Bitcoin prices made a notable leap this week, nearing the highly watched $70,000 mark for a brief period. The move has reignited debate across financial circles about whether Bitcoin has finally found a bottom, or if bearish sentiment continues to hang over the digital currency market.
Options Markets Point to Market Fragility
Recent developments in the cryptocurrency options market indicate that positioning in Bitcoin derivatives has shifted into what is known as a negative gamma regime. Gamma, a metric closely watched by market makers for managing risk, shows that in negative territory, sudden price swings—both rallies and sharp declines—tend to accelerate more rapidly. This environment leaves the market prone to outsized, rapid moves in either direction.
A GEX heat map published by Glassnode reveals that there is currently little resistance above Bitcoin’s present price. While this may clear the way for further upward movement, structural weaknesses in the market persist. The absence of a robust support line means it remains uncertain whether recent gains can be sustained.

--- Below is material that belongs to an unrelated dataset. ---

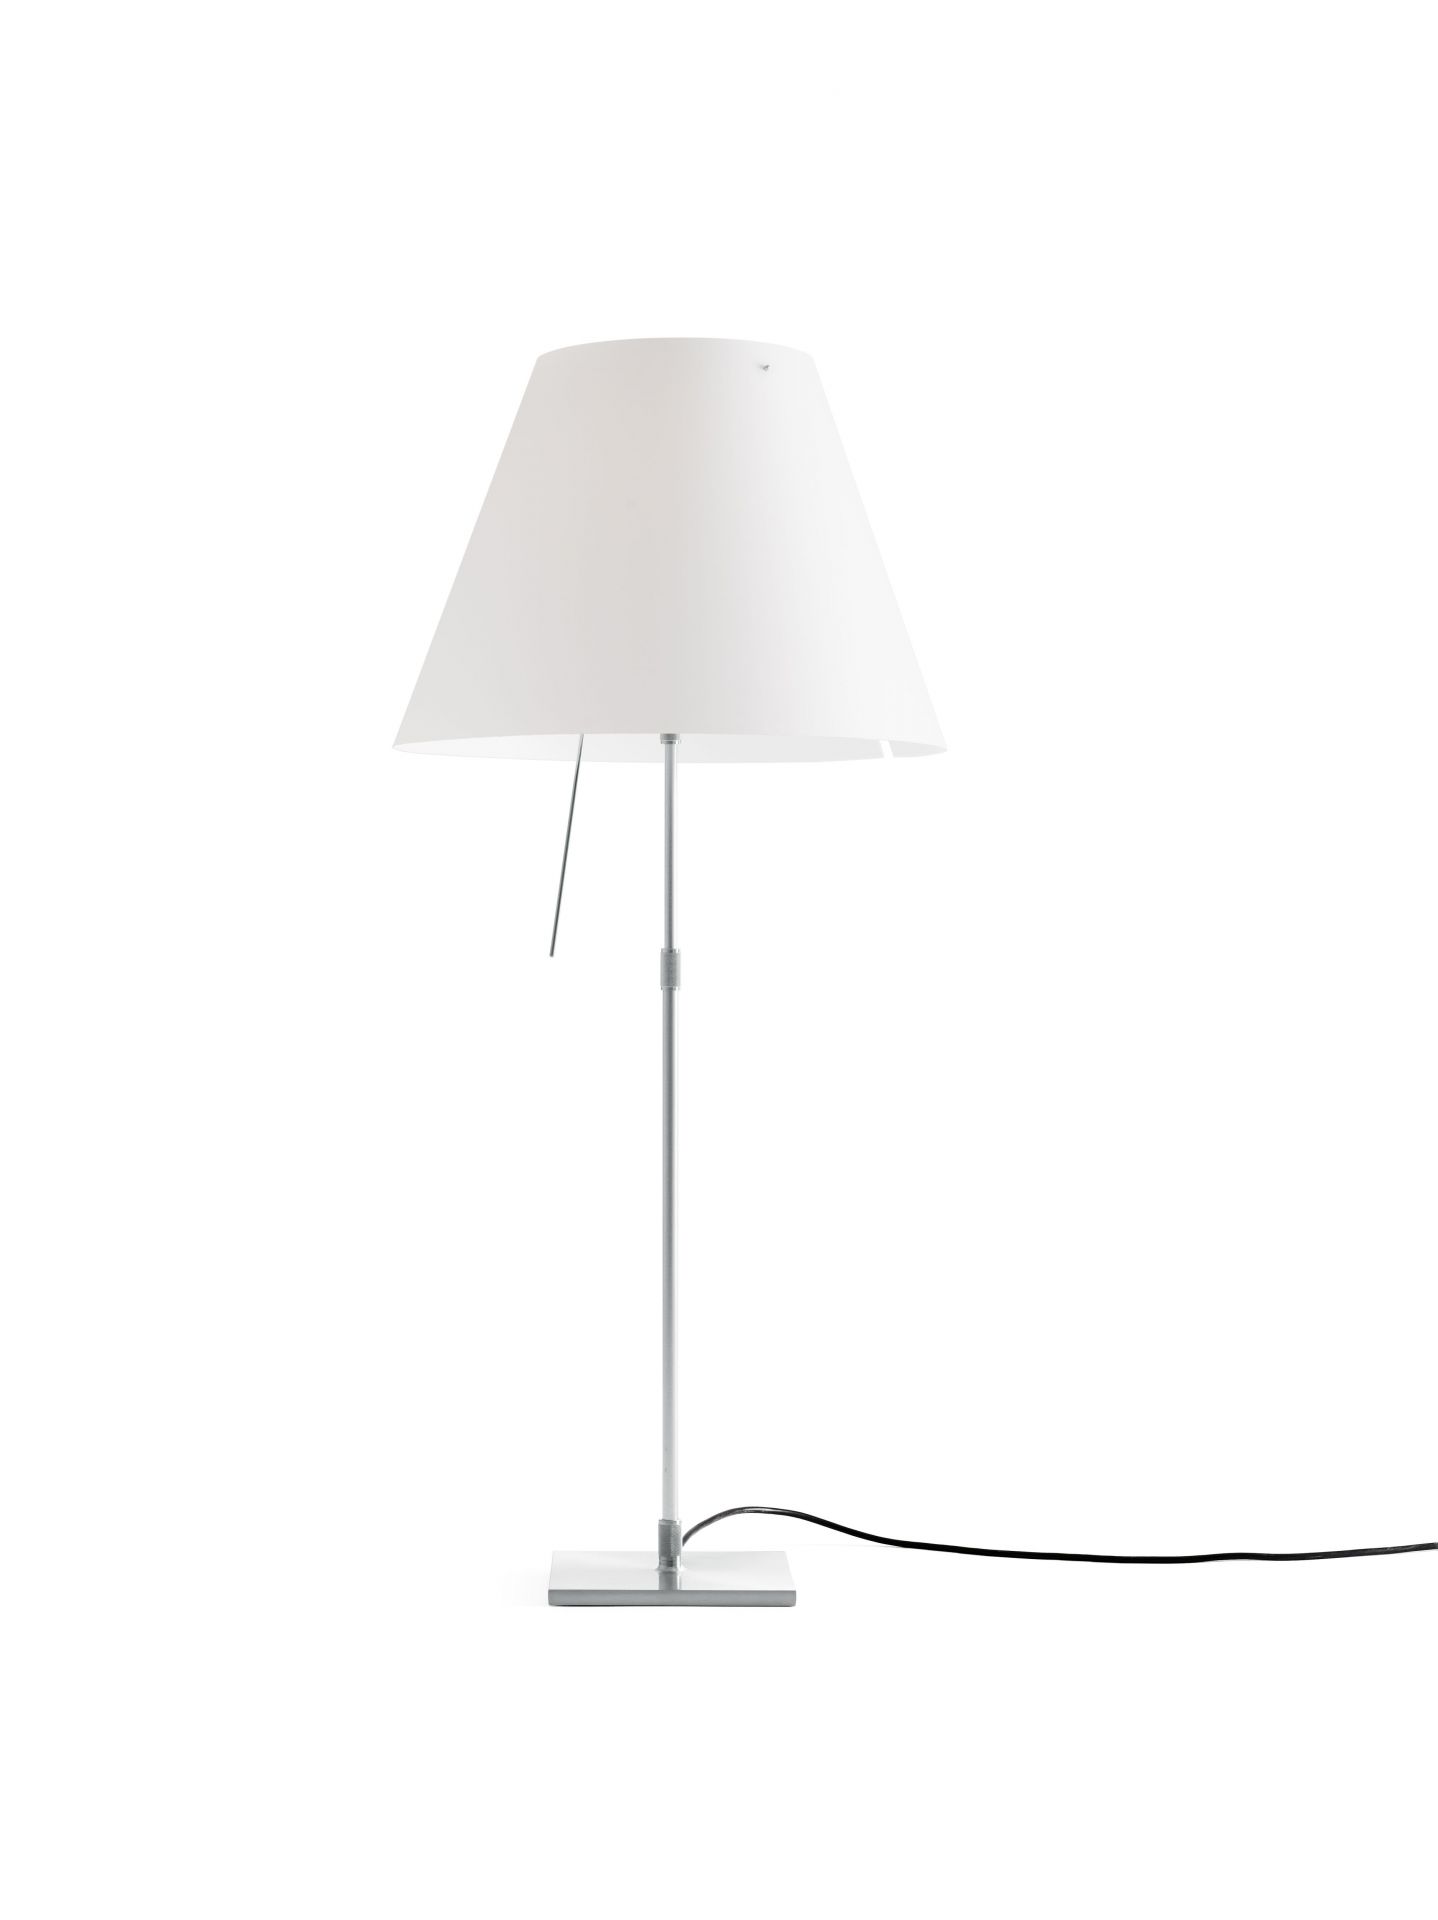 D13 Costanza height adjustable table lamp with sensor dimmer complete version aluminium base and white shade Luceplan

Spot Demand Shows First Signs of a Rebound
According to data from CryptoQuant, net spot demand for Bitcoin has increased for the first time since November. This metric highlights the relationship between new coin supply and incoming buyer interest. When demand begins to outpace supply, it typically signals growing participation from fresh capital in the marketplace.
However, similar upticks were seen during previous bear markets—even as brief interludes—without resulting in more durable recoveries. Experts emphasize that a meaningful trend reversal generally requires persistent and robust demand growth over several consecutive weeks.
Short-Term Holders Continue to Sell at a Loss
Another key dataset has emerged from tracking the profit and loss status of short-term Bitcoin holders. CryptoQuant’s statistics show that, since the end of January, this group has been consistently selling at a loss. Notably, episodes of heightened losses were recorded in early February as well as more recently, underscoring persistent nerves among speculative participants.
Such selling behavior is known in market terminology as capitulation—a phase where weaker hands exit the market. Yet the indicators have not decisively reversed, highlighting that risks still remain for traders who are quick to act on temporary recoveries.
Technical Indicators and Institutional Interest
Bitcoin’s Relative Strength Index (RSI), which measures momentum, dipped into oversold territory at the start of February before rebounding. Historically, recoveries in the RSI have supported short-lived price bounces. Quarterly performance data also show that Bitcoin has rarely experienced multiple consecutive sharp losses within a single period.
On the institutional side, any tangible recovery remains elusive. Bitcoin ETFs continued to see outflows toward year-end. U.S. Securities and Exchange Commission filings indicate that large funds and advisors made sizeable reductions to their Bitcoin positions during the fourth quarter. These developments point to lingering weakness in institutional demand.
Signs of a Bottom, But Clear Confirmation Lacking
While there are initial signals of recovery in the market, a full-fledged bull cycle has yet to materialize. Spot demand is picking up and there are signs of capitulation among more risk-averse holders, indicating some repositioning. Yet, short-term investors continue to sell at a loss, and institutional inflows remain muted. Disparities in the options market further allude to ongoing structural imbalances.